Stroke treatment performed by interventional radiologists in collaboration with diagnostic neuroradiologists and stroke neurologists is safe and efficacious


A study, published in CardioVascular and Interventional Radiology, has investigated the possibility of collaboration between vascular interventional radiologists, diagnostic neuroradiologists and stroke neurologists for neurointerventional treatment of acute stroke as a strategy for centres lacking of specialised interventional neuroradiologists. 

The study, led by Lars Fjetland, Department of Radiology, Stavanger University Hospital, Stavanger, Norway, and others aimed to “evaluate the safety and efficacy of neurointerventional procedures in acute stroke patients performed by vascular interventional radiologists in cooperation with diagnostic neuroradiologists and stroke neurologists and compare the results with those of previous reports from centres with specialised interventional neuroradiologists.”
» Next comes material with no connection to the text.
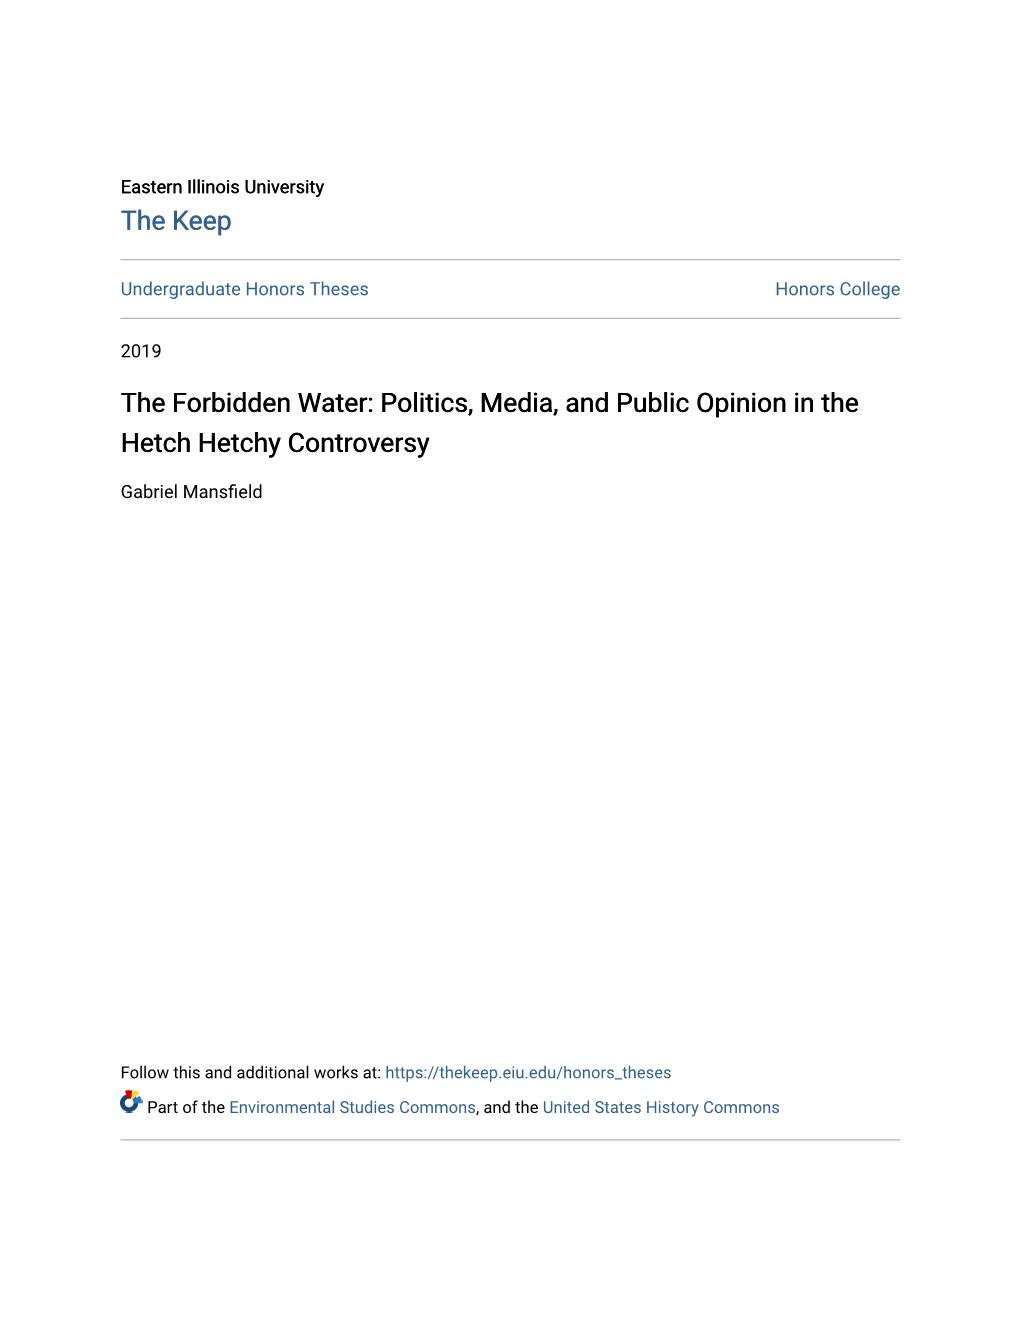 Politics, Media, and Public Opinion in the Hetch Hetchy Controversy
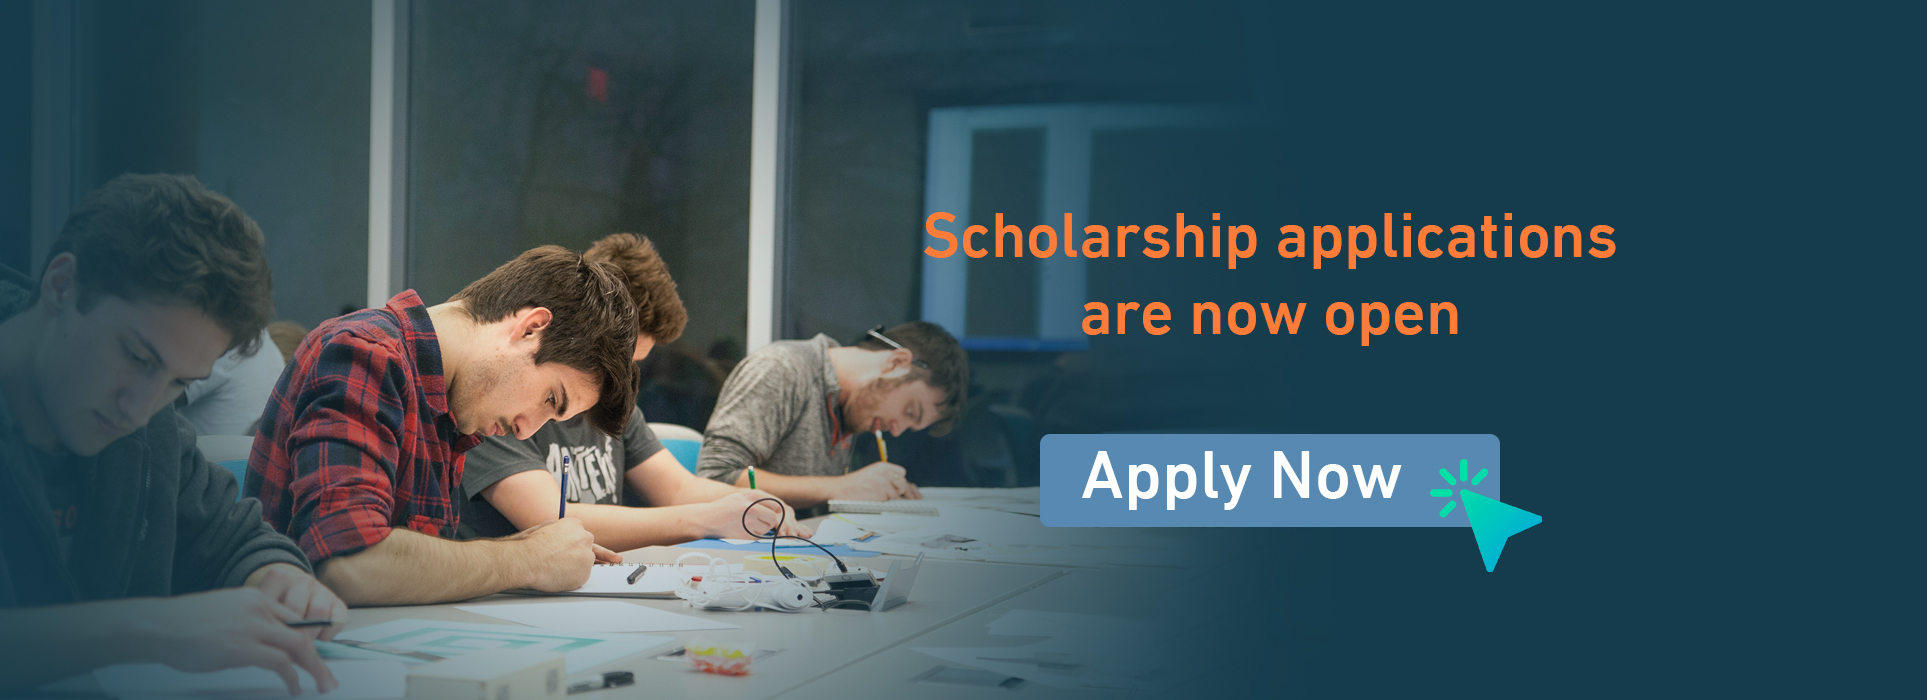 Scholarship applications are now open

The current literature on acute ischaemic stroke treatment with neurointerventional procedures such as intravenous thrombolysis with recombinant tissue-plasminogen activator (rt-PA), intra-arterial thrombolysis or mechanical thrombectomy, according to Fjetland et al, “comes mostly from high volume stroke centres, and the treatment is performed by interventional neuroradiologists.” However, the authors wrote, quoting Hirsh JA et al (J Neurointerv Sur; 1:27-31) “The availability of these centres and specialists is limited and not sufficient to give the population an equal offer of invasive stroke treatment.”    

This study shows the experience of a university medical centre serving a population of approximately 330,000 inhabitants where invasive reperfusion is performed by vascular interventional radiologists in collaboration with diagnostic neuroradiologists and stroke neurologists, the authors wrote.

Thirty nine patients with acute ischaemic stroke who were not eligible for first-line intravenous thrombolysis were included in the study, from May 2009 to October 2011. The patients were treated with intra-arterial thrombolysis (Penumbra system) or mechanical thrombectomy (Solitaire FR thrombectomy system, eV3/Covidien). All patients underwent cerebral computed tomography (CT) and: “The decision about endovascular treatment was made by a team consisting of the treating stroke neurologist, a vascular interventional radiologist, and a diagnostic neuroradiologist,” the authors wrote. Five experienced vascular interventional radiologists performed the endovascular treatments.

According to the results, 14 patients (35.9%) had a good clinical outcome (mRS score ≤2) at 90 days post-procedure of which 10 patients were treated with the Penumbra system, one with the Solitaire FR, two with intra-arterial thrombolysis and one with guidewire/catheter manipulation. Eight patients (32%) with middle cerebral artery occlusion, three with basilar occlusion (50%) and three with (50%) with tandem lesions had good clinical outcome with an overall pre-procedure rate of 5.1%.

The results also showed that nine patients (22.5%) died during the first 90 days after treatment, six of them were >80 years old, and two died from cerebrovascular causes. 

“In this study, we found that endovascular stroke treatment performed by interventional radiologists, working in close cooperation with diagnostic neuroradiologists and neurologists, appears to be a safe and feasible method of treating this devastating disorder,” said Fjetland et al.

The authors commented: “The presented approach of close cooperation among different specialties may yield a model by which to establish endovascular treatment possibilities in hospitals without interventional neuroradiologists.”